“If you think of Serbia, Croatia and Bosnia there were war crime tribunals set up because of atrocities in those places. Those atrocities were absolutely no worse than the atrocities perpetrated in Latin America, and the hand behind the perpetrators was the United States,” says Jean Franco.
Launched in January 2014, the histories of violence “Disposable Life” project interrogates the meaning of mass violence and human destruction in the 21st Century. Inviting critical reflections from renowned public intellectuals, artists and writers, this three year project will feature a series of monthly filmed reflections from our illustrious list of participants (see contributors below); a subsequent feature film for public broadcast; accompanying book of complementary essays and associated publications/media articles; along with a series of global events that will bring together the Arts, Humanities and Social Sciences to offer innovative and publicly engaging forums to inform debate and rethink the ideals of global citizenship.

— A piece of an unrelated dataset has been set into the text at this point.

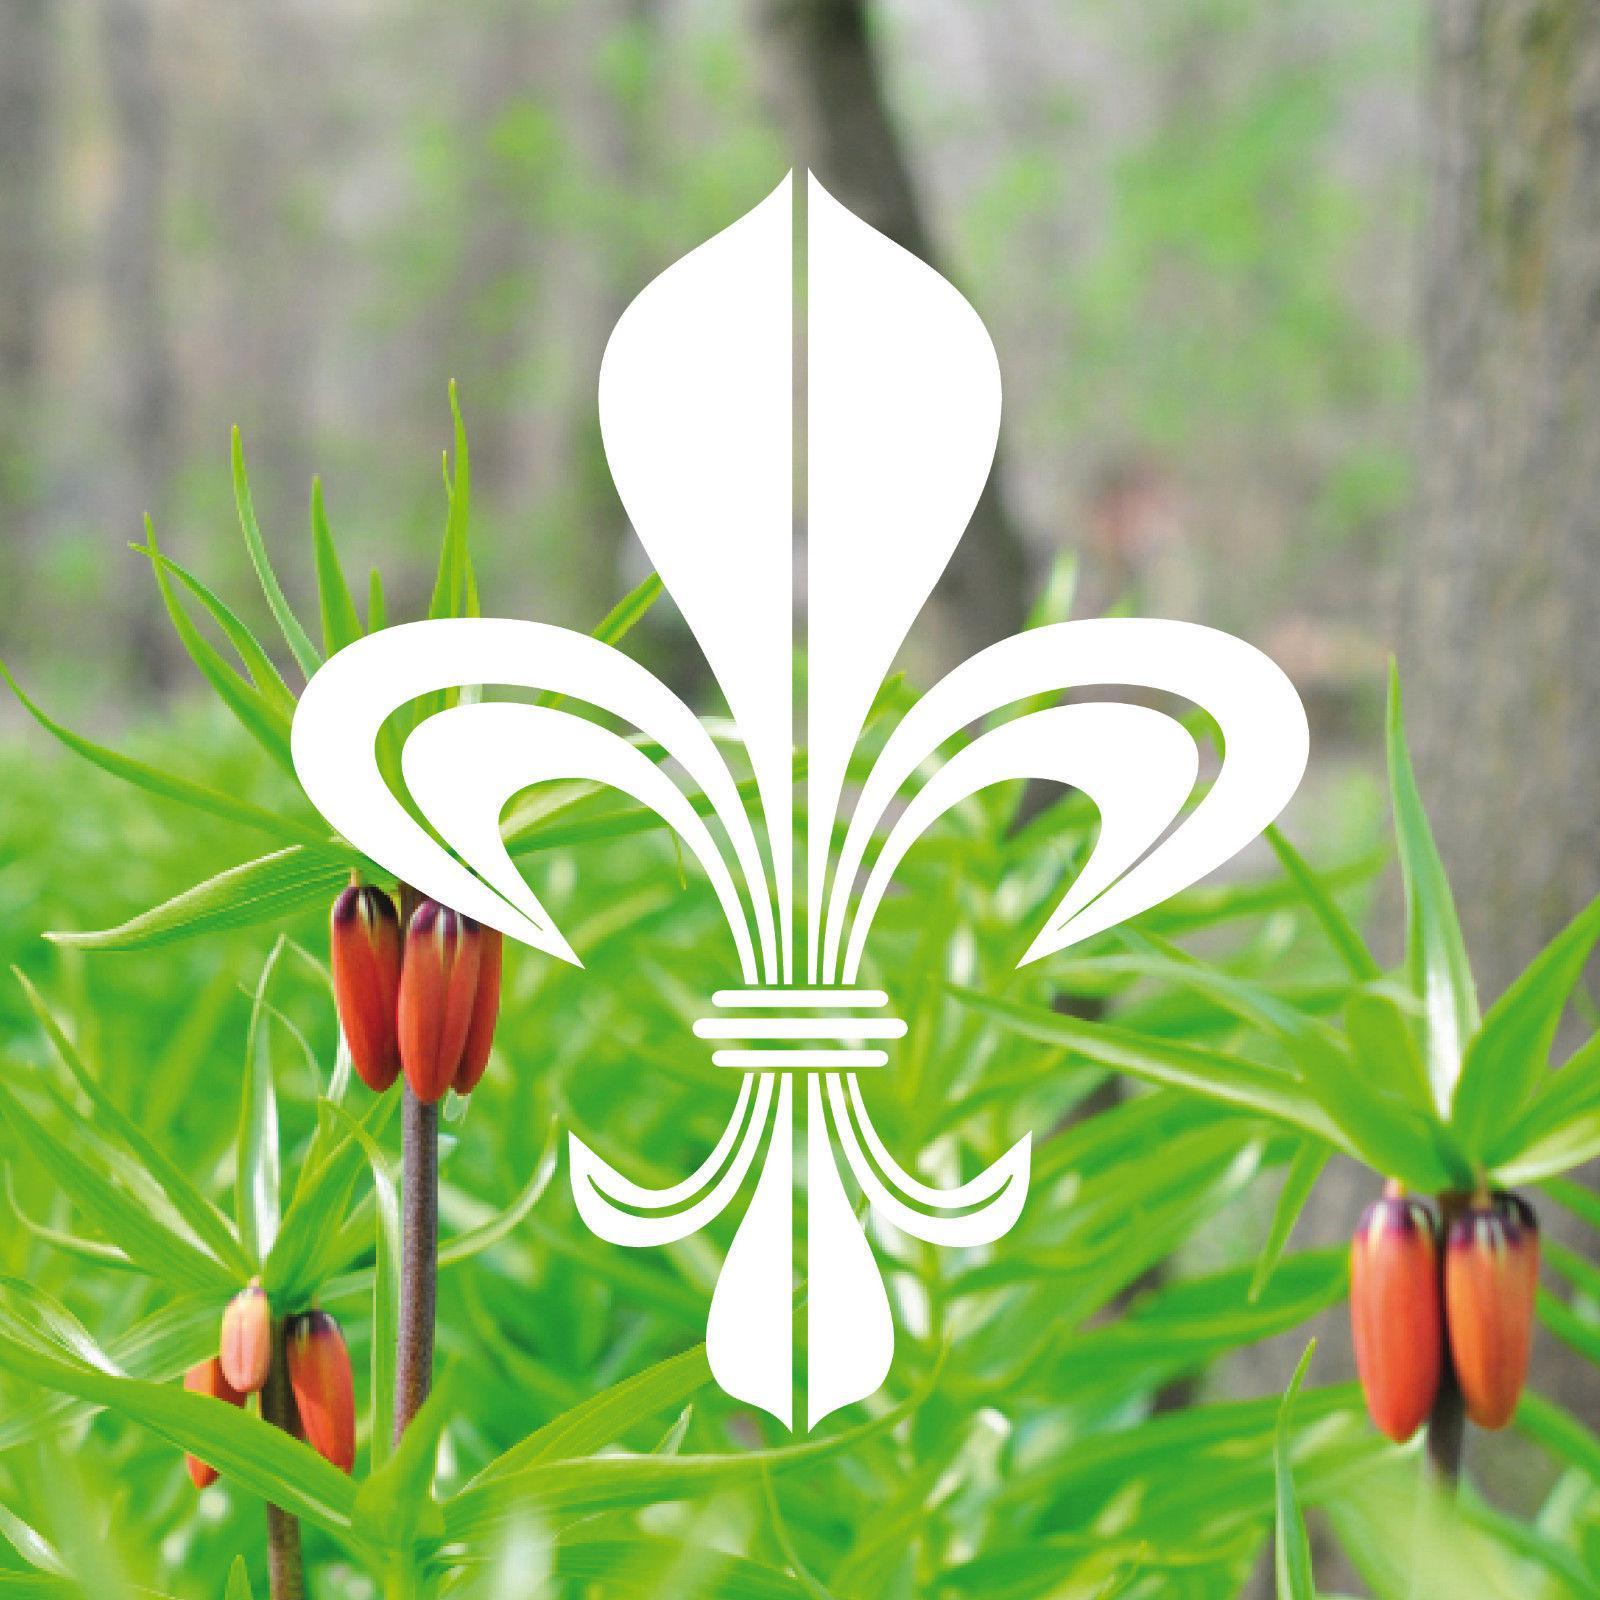 4 aufkleber tattoo 17cm wei bourbon lilie fleur de lis. Black Bedroom Furniture Sets. Home Design Ideas

The tenth contribution to our reflections series is provided by the renowned Latin American specialist Jean Franco. Drawing upon her extensive understanding and personal experience of the region, Franco maps out the history of state violence as perpetrated against disposable populations, notably indigenous, onto the privatization of atrocity in more contemporary times and what this means for normalizing a fatalistic politics that destroys hope and political transformation. Franco focuses directly here on the symbolic nature of violence against disposable bodies, onto asking searching questions regarding complicity and who should still be held responsible for past atrocities.